I Wonder As I Wander

Caroline Watkins
Caroline Watkins

I thought of this Appalachian hymn turned Christmas carol as I watched a short segment by filmmaker Tiffany Shlain entitled, “Let your mind wander,” which suggests that your brain makes connections when you “zone out” doing the simplest things such as the dishes, going for a walk, gardening and even taking a shower. She was strongly influenced by her ongoing conversations with Dr. Michael Rich at Harvard about media’s affect on youth.

I personally had a conversation with a dear friend who just started working for “my” real estate company. She mentioned how her daughter, Shannon – a fourth year student at UVa and one of my favorite people in the world, – has done a lot of thinking about technology and its impact on her generation.

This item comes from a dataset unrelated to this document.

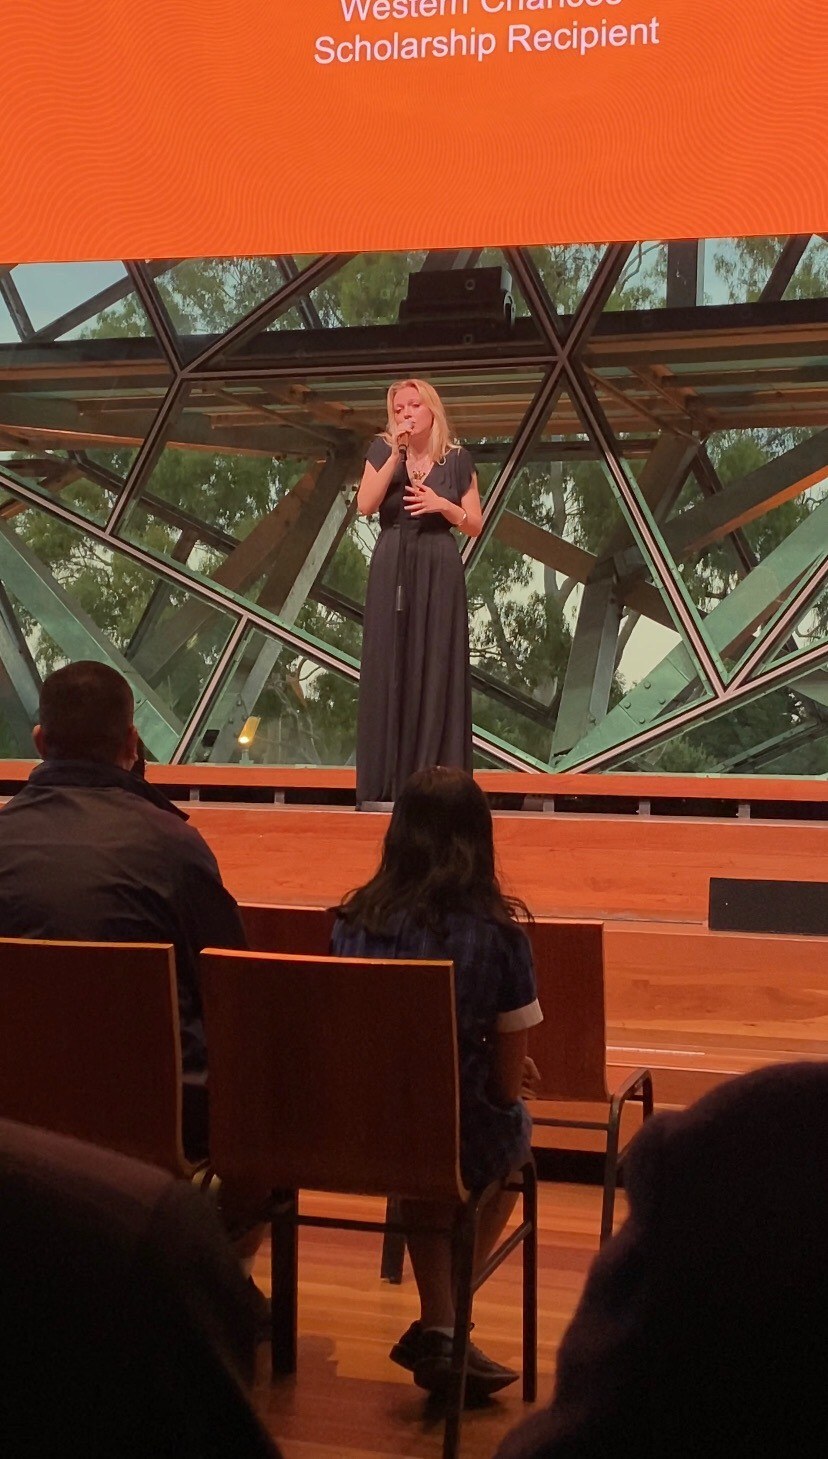 Violet Mccurley performing at The Edge - Federation Square for the Western Chances Award Ceremony 2023

One of Shannon’s keenest observations was when she recently took her grandfather on errands around our fair city. He knew everyone – by name, mind you – the cashiers, clerks and pharmacist – and actually talked to them! She thought that was so wonderful and quite the opposite from her own experience when she’s out and about when much like the rest of us, the only eye contact we’re making is with our hand held devices

To prepare for my columns, I have watched TED Talks, read articles and listened to the occasional podcast. I have yet to interview anyone either formally or informally until now. I felt strongly led to talk with Shannon and get her views “from the trenches.”

She told me about a fascinating podcast by founder and director of the MIT Initiative on Technology and Self, Sherry Turkle. The title of the podcast – originating from APM’s show, On Being – came directly from her research which included the distressing commentary from children while at a natural history exhibit that the robotic turtles were “alive enough.”

Turkle reflects on privacy being no longer relevant in our digital age and asks what are democracy as well as intimacy without it. She talks about how young people experience “phantom limbs” when apart from their phones and iPods. She offers that “discontent is the beginning of wisdom” and that solitude for children – and all of us for that matter – is nothing short of a lost art. She insists that “if you don’t teach your children how to be alone, they only know how to be lonely.” She also describes how to declare “e-mail bankruptcy.”

My taking you down this stream of consciousness was intentional, although it may leave some of you, well, wondering. It was meant to guide you to one of her most powerful ideas, which was summarized by the interviewer Krista Tippett. Tippett proposes that instead of technology shaping us, we can shape IT towards human purposes, even “honoring what we hold most dear” and that we can indeed live an “examined digital life.” What a concept!

Turkle herself holds no “nostalgia for an unplugged life” She thinks that our children must, in fact, live in their generation and that we don’t have to reject technology, just put it in its place.

What’s the answer? Should you take a sabbatical from e-mail, hiatus from Facebook or turn off screens one day/week? Absolutely, if you feel led. But what if we all “lived deliberately” and created “sacred spaces” as she suggests – on a DAILY basis? No devices at the dinner table – or in the car when picking up your child – or in line at the grocery store – or on a hike (oops, guilty as charged- I was taking pictures with my phone, promise!)

I not only love Turkle’s concept of “sacred spaces” but also her argument that we, the adults, are the problem. If we’re complaining about our children’s “addictions,” we better take a long, hard look at what we’re modeling for them.

My rule for TV when the kids were growing up was that it be “intentional and finite,” made far easier by the fact that we got three stations- on a clear day, that is. I guess I have to eat a serving of humble pie though and ask myself: am I living this way now?

Sure, I don’t watch TV or tweet, snap chat or use Instagram…yet. I nevertheless own a smart phone; text obsessively; respond regularly to the “roar of the internet;” and joined Facebook about a year and a half ago, albeit reluctantly. By the way, I happen to agree with a rapper who refers to it as a “pageantry of vanity.” Keeping up with the Joneses ain’t nothin’ compared to keeping up with your own…self…image.

In closing, I wonder. Perhaps it’s a matter of stewardship. We CAN be good stewards of this ubiquitous technology- with good boundaries. Maybe, just maybe, if we create “sacred spaces” each and every day, we can connect – and I mean really connect – with those we love as well as with the One who first loved us.

This will surely lead us out of the realm of being “alive enough” into that of being “truly alive,” both now and forevermore. And that, my friends, is exceedingly Good News.